Every key type adds additional properties, e.g., a number can have a minimum, a maximum, and a step by which the value increments and decrements. String keys usually have a regular expressions associated with them constraining their value.

While the basic set of properties would generally suffice to construct a dialog, the dialog would look overfilled and confusing to the user. That is why another set of properties was added to Freeconf which would enable splitting keys into different categories. Thus, only keys from a specific category can be shown to the user. The current set of properties which extends those presented in Table 1 is summarized in Table 3.

property static mandatory static active dynamic mandatory dynamic active inconsistent empty meaning If it is true, the key is mandatory and must be always shown.

If it is false, the key is not visible to the client.

This property can only be set from a dependency handler. If it is true, the key is mandatory and must be shown. This property has no meaning when the static mandatory property is set to false.

This property can only be set from a dependency handler. If it is false, the key does not have sense in the current settings. This property has no meaning when the static active property is set to false.

The key does not have neither a value, nor a default value set and is dynamically mandatory and dynamically active.

The property is only applicable to section nodes. It states whether the section is empty, i.e., all its children are hidden.

All static properties are stored in the package as a part of a template describing the native configuration file, while the dynamic ones are a part of a file describing dependencies.

Mandatory property states, whether the key is important or not. Important keys should be visible in the dialog while non-mandatory keys can be hidden, so the dialog becomes less confusing. The static version of this property is used for packages with no dependencies or for keys unaffected by any dependency. The dynamic version can, as in the current version of Freeconf, override the static state only when the static mandatory property is not false (that means static non-mandatory keys are definite).

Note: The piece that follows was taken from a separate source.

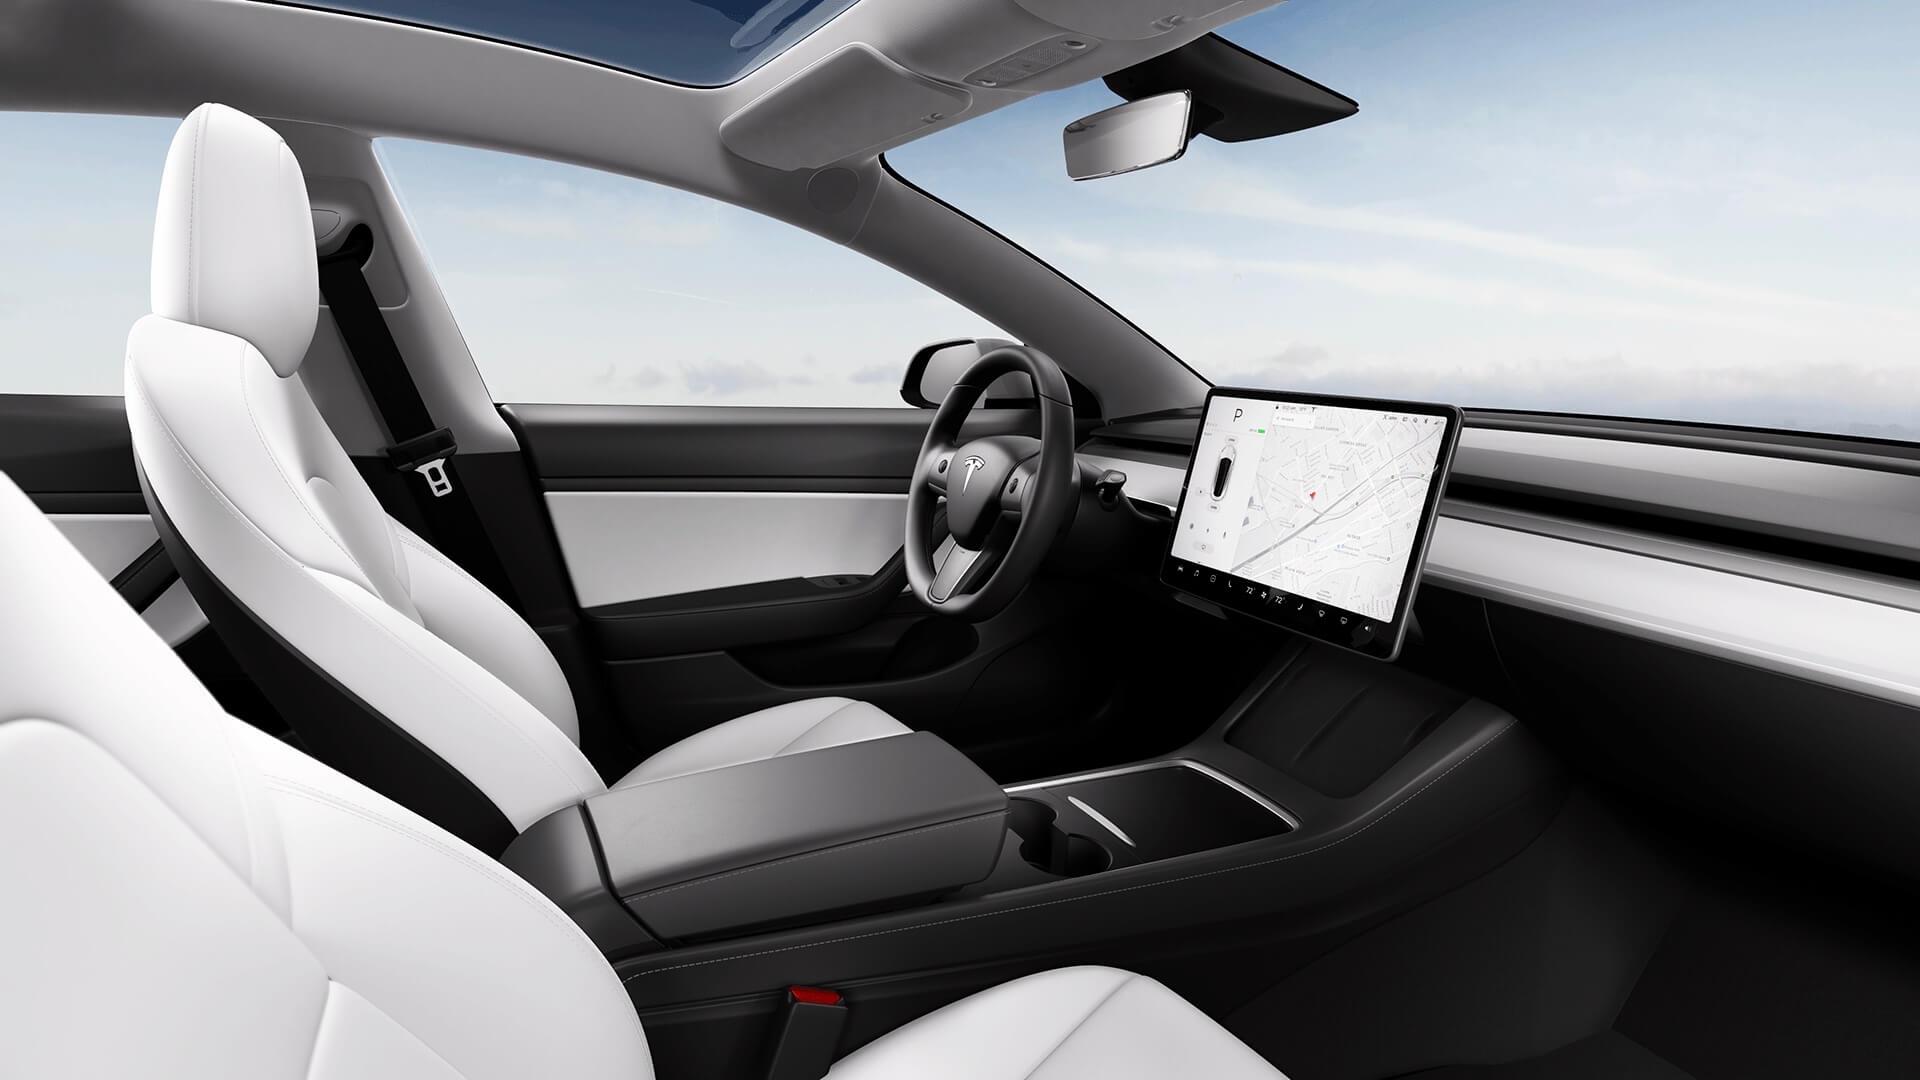 2021 Tesla Model 3 interieur zetels

Active property has two different semantics. In its static version, it is used to prevent the library from announcing the key to the client. In other words, if the property is set to false, the key is virtually commented out. It is easier to disable the key that way than to delete it from the entire package which is non-trivial. The dynamic version of this property serves the purpose of ruling out situations that do not have sense (e.g., when the user checks the "no sound" option, setting the "volume" option becomes nonsensical and this option should be left out from the dialog or at least disabled).

Inconsistency is a special situation when the key does not have any value set, but it is important to the configured program. This can happen, especially when the configuration is run for the first time, and there exist keys which do not have default value set by the creator of the package. When this situation occurs, the user has to be told so and must be able to solve the problem with minimum effort. It follows from the above mentioned description of the properties there are situations where inconsistency is acceptable and the user needs not to be alerted (e.g., when the key is statically inactive). In fact, there exists exactly one combination of the properties which needs some user assistance (i.e., the client must be informed) — the key is dynamically mandatory, dynamically active, and inconsistent at the same time. In other situations, such as when the key is only dynamically active but not mandatory, the key is simply left out from the native output (so the native output will always contain only keys with a defined value).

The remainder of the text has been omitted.